Functions in reals such that inequality holds

[maximus101]

for which f: $$R$$ $$\rightarrow$$ $$R$$ such that
$$\forall$$ $$x,y$$$$\in$$ $$R$$

does

| $$f(y)$$ - $$f(x)$$ | $$\mid$$ $$\leq$$ $$(y-x)^2$$

hold

 

[Buri]

Which inequality?

 

[maximus101]

sorry just fixed it

 

[maximus101]

so I did the following:

$$\dfrac{|f(y) - f(x)|}{|y-x|}\leqslant |y-x|$$

was obtained by $$(y-x)^2$$=$$|y-x||y-x|$$ and dividing both sides by $$|y-x|$$.


then trying to use the fact that

$$\displaystyle\lim_{y\to x}\frac{f(y)-f(x)}{y-x}$$ is the derivative at x

but not sure what's next how to combine the two?

 

[Buri]

Is the function differentiable? If it isn't you can't use the limit thing. But if it is, apply the limit to both sides. You should then get something very familiar and be able to deduce what kind of function f must be.

 

[Buri]

Okay, if f isn't differentiable, here's a hint. Divide the interval from [x,y] into n equal sub intervals. See if you can get anything from that.

 

[Yuqing]

Wouldn't this statement
$$\dfrac{|f(y) - f(x)|}{|y-x|}\leqslant |y-x|$$
automatically imply the function is differentiable?

 

[JG89]

Wouldn't this statement
$$\dfrac{|f(y) - f(x)|}{|y-x|}\leqslant |y-x|$$
automatically imply the function is differentiable?

Yes. Using the squeeze theorem you can see that the derivative is actually 0 everywhere, implying the only functions satisfying the inequality are constant functions.

 

[TylerH]

Am I missing something? I don't see any derivatives anywhere, just the difference quotient.

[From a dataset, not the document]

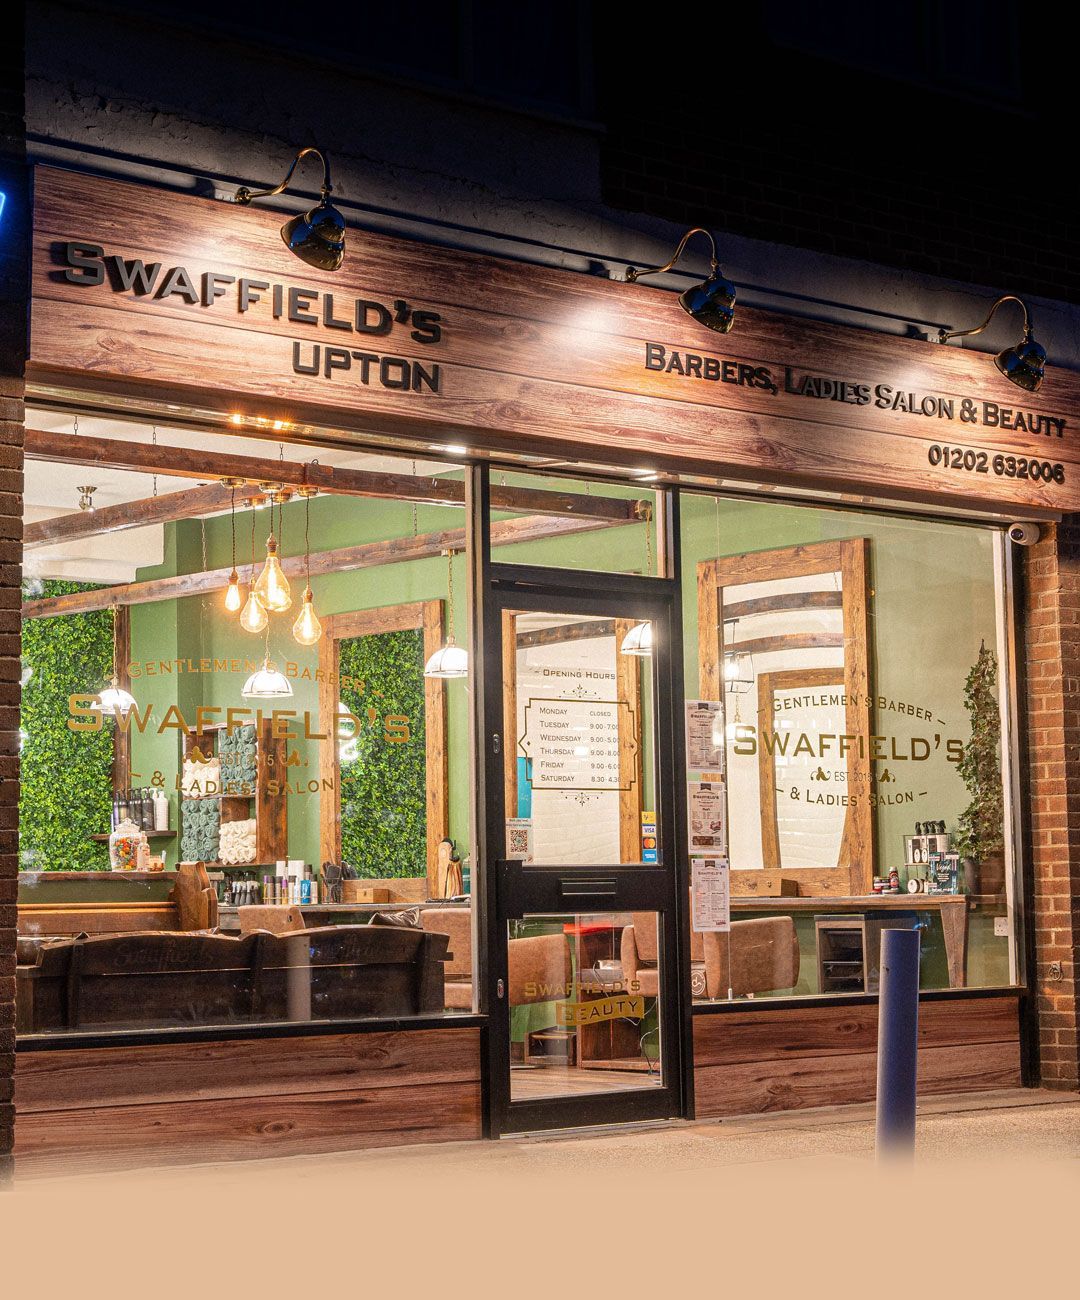 swaffields of upton barbers beauty and hair salon
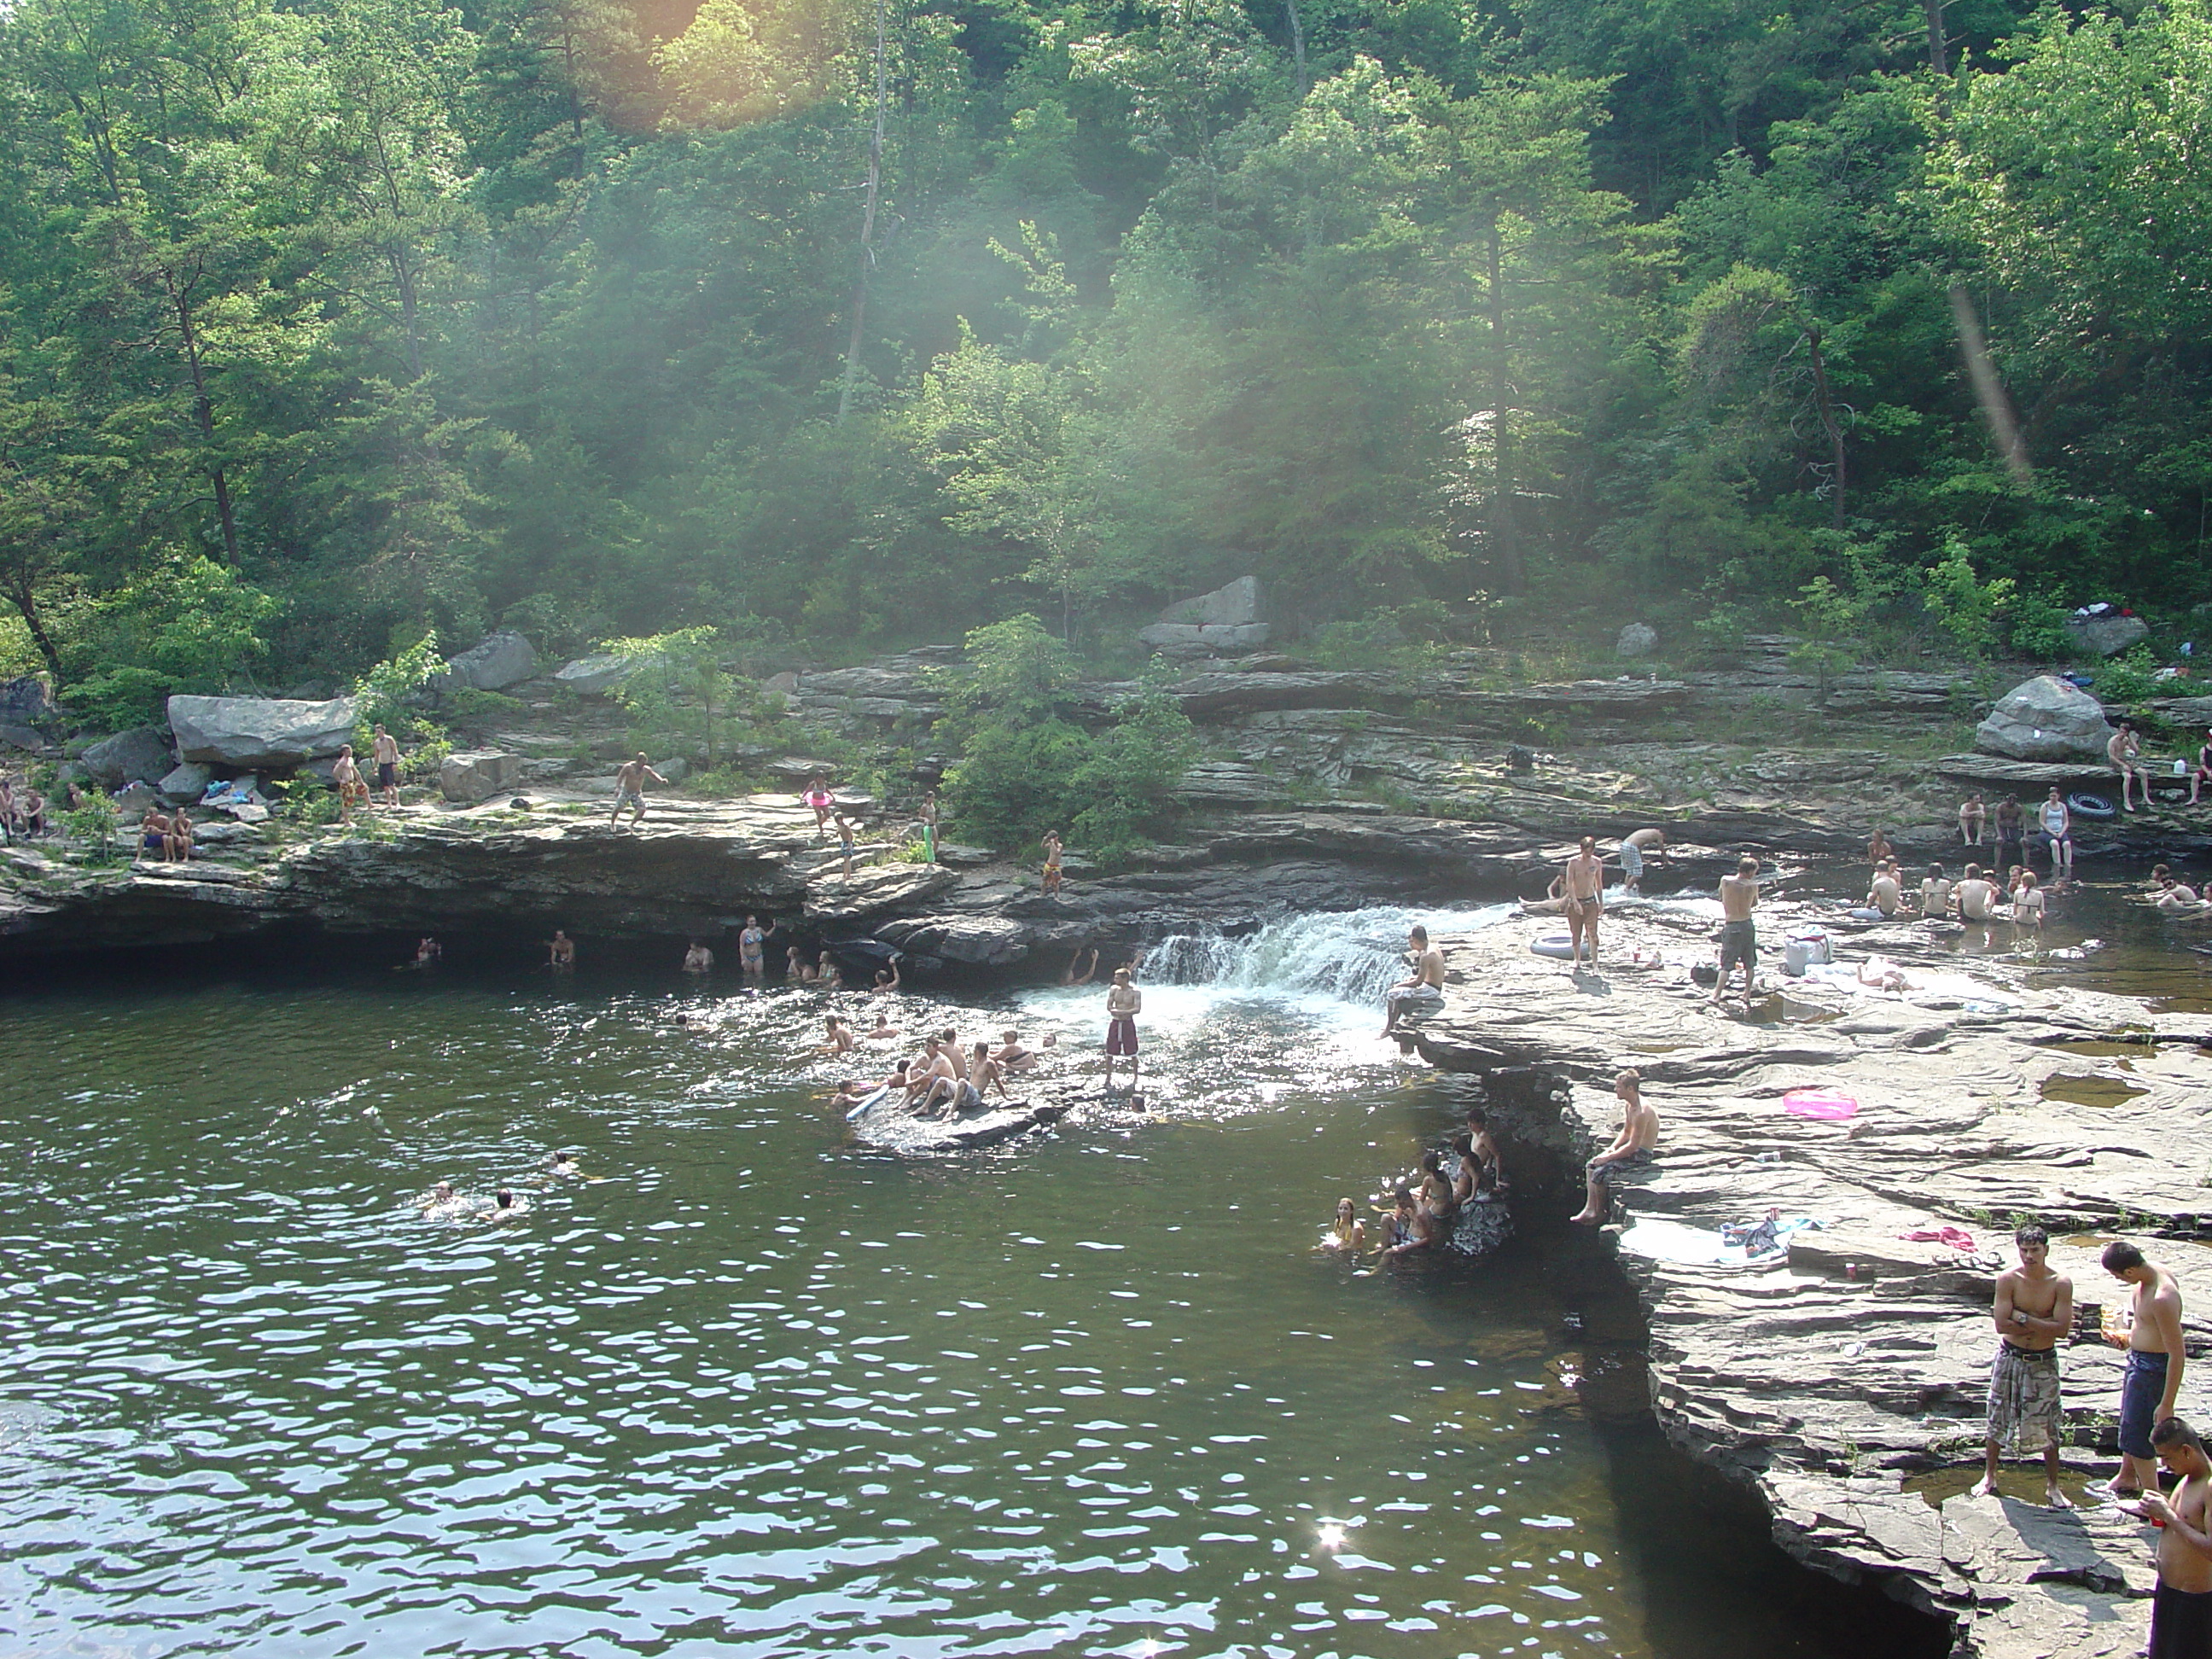 A shelf of sandstone forms Little Falls, a popular swimming hole in the summer and a beautiful setting in the fall.

If you indented for it to be the difference quotient, then a counter example would be $$r \mapsto r^3$$. For all |x-y| >= 1, $$\left| x^3 - y^3 \right| > \left( x - y \right)^2$$

 

[JG89]

Assume there exists a function f satisfying $$0 \le |f(y) - f(x)| \le (y-x)^2 = |y-x|^2$$ for any y, x in the domain of f. This implies that $$0 \ le \frac{|f(y) - f(x)|}{|y-x|} \le |y-x|$$.

Let y approach x. By the squeeze theorem, we see that the limit exists, is equal to 0, and is in fact the derivative of f evaluated at x. So f'(x) = 0 for all x in its domain, which means that f must be a constant function.